A 56-year-old man with a history of intravenous drug use and multiple infectious complications developed candida fungemia, which was initially treated with fluconazole and then liposomal amphotericin. At admission, he had normal calcium, phosphate, and magnesium but developed persistent hyperphosphatemia (phosphotungstate on Beckman DCxI) with values of 5 to 6.5 mg/dL (reference interval 2.5-4.5 mg/dl) despite only mild, stable renal dysfunction [normal blood urea nitrogen, creatinine 1.5-1.9 mg/dL (reference interval 0.8-1.5 mg/dL)] and continued normal calcium. He also had normal globulins.

QUESTIONS

1. What are common causes of high phosphate?

2. What artifacts cause increased phosphate?

3. What is the likely cause of increased phosphate in this patient?

The answers are below.

ANSWERS

Common causes of high phosphate are renal failure and hypoparathyroidism, which are ruled out by routine laboratory tests. Transient increases occur with lactic acidosis and ketoacidosis, and chronic increases are seen with many endocrine disorders, but there was no clinical evidence of these conditions. Artifactual hyperphosphatemia commonly occurs in myeloma (1). It has also been reported with liposomal amphotericin owing to direct interference in the phosphomolybdate method (2). The temporal association with treatment makes this the likely cause.

Author Contributions: All authors confirmed they have contributed to the intellectual content of this paper and have met the following 3 requirements: (a) significant contributions to the conception and design, acquisition of data, or analysis and interpretation of data; (b) drafting or revising the article for intellectual content; and (c) final approval of the published article.

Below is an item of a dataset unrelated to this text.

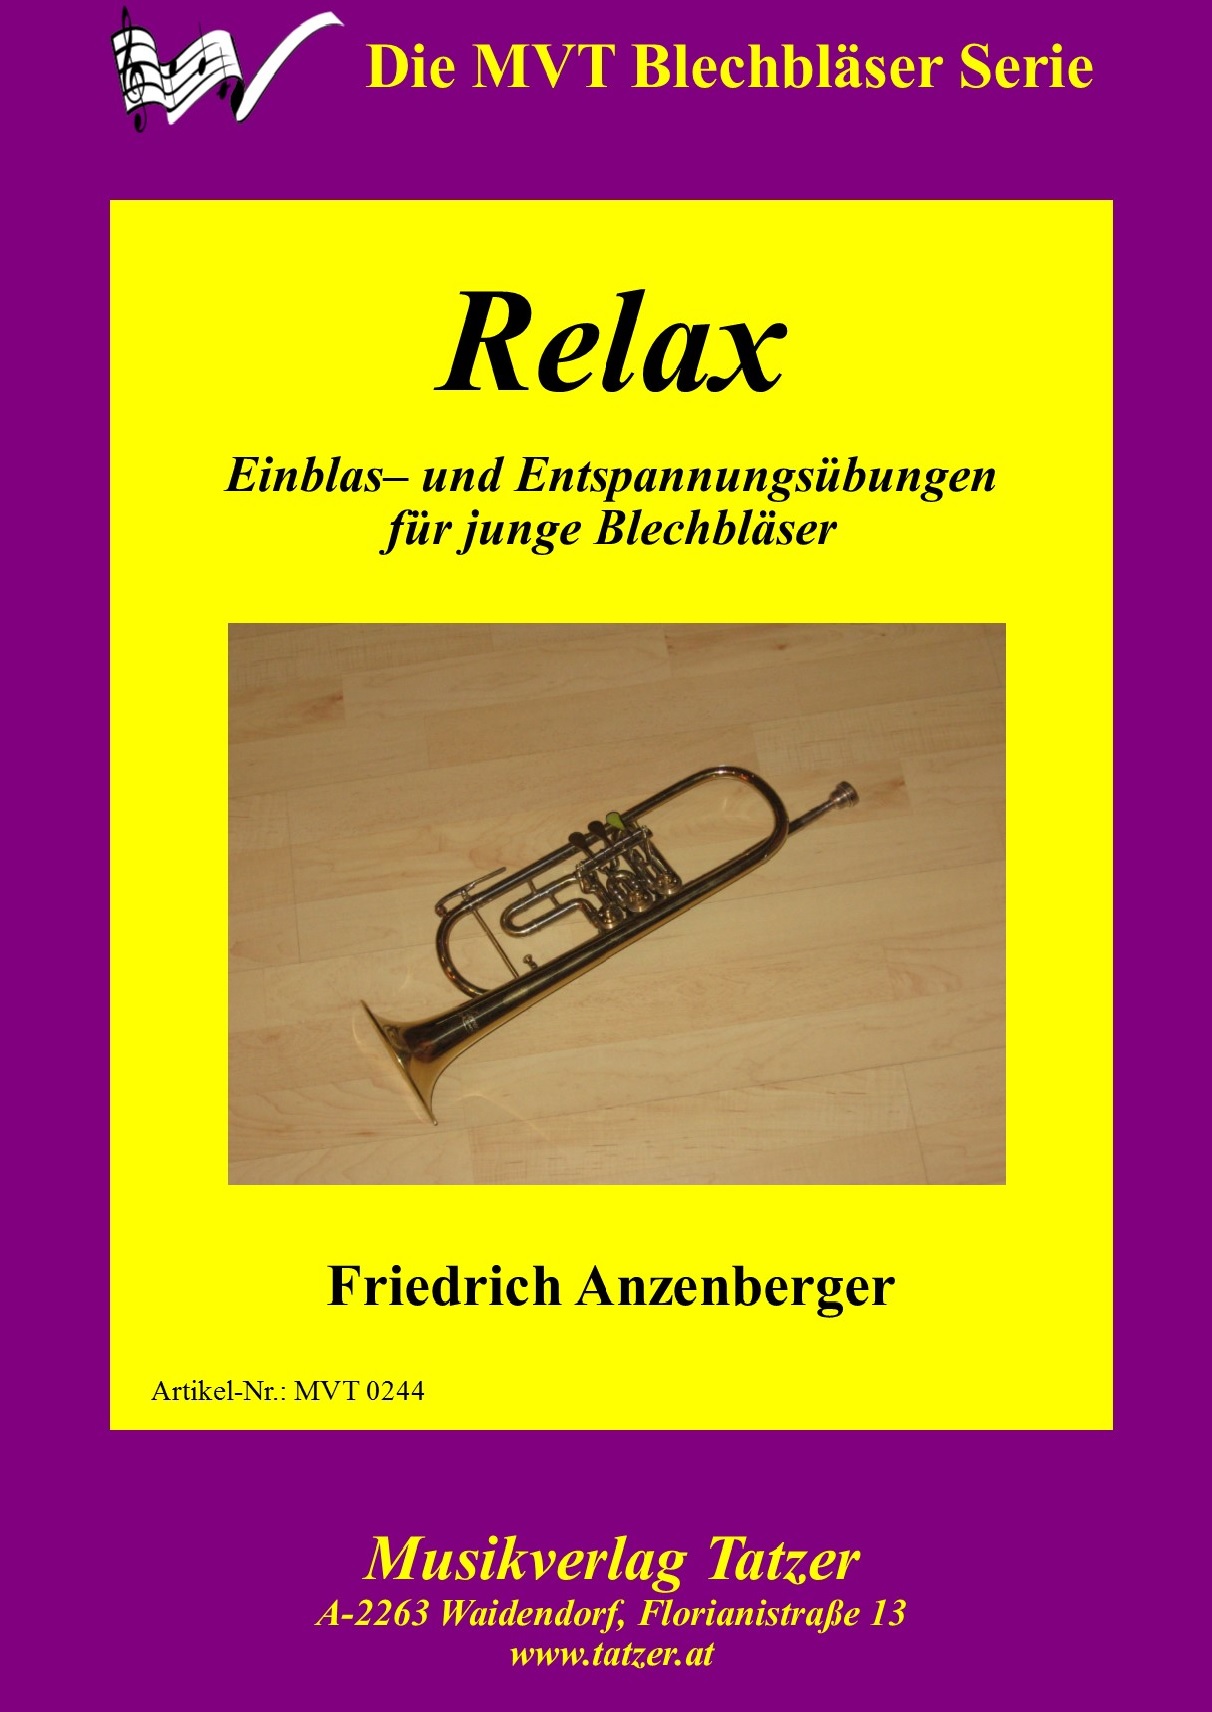 Relax, Friedrich Anzenberger

Authors' Disclosures or Potential Conflicts of Interest: Upon manuscript submission, all authors completed the author disclosure form. Disclosures and/or potential conflicts of interest:

Employment or Leadership: D.R. Dufour, Clinical Chemistry, AACC.

Consultant or Advisory Role: None declared.

Stock Ownership: None declared.

Honoraria: None declared.

Research Funding: None declared.

Expert Testimony: None declared.

Patents: None declared.

References

(1.) Sonnenblick M, Eylath U, Brisk R, Eldad C, Hershko C. Paraprotein interference with colorimetry of phosphate in serum of some patients with multiple myeloma. Clin Chem 1986;32:1537-9.

(2.) Jensen GM, Bunch TH, Wolf S, Laybourne S. Erroneous determination of hyperphosphatemia ('pseudohyperphosphatemia') in sera of patients that have been treated with liposomal amphotericin B (AmBisome). Clin Chim Acta 2010;411:1900-5.

D. Robert Dufour [1,2] *

[1] Pathology and Hepatology, Veterans Affairs Medical Center, Washington, DC (consultant); [2] Department of Pathology, School of Medicine and Health Sciences, George Washington University, Washington, DC (emeritus professor).

* Address correspondence to this author at: Pathology and Hepatology, Veterans Affairs Medical Center, 50 Irving St. NW, Washington DC 20422; e-mail chemdoctorbob@earthlink.net.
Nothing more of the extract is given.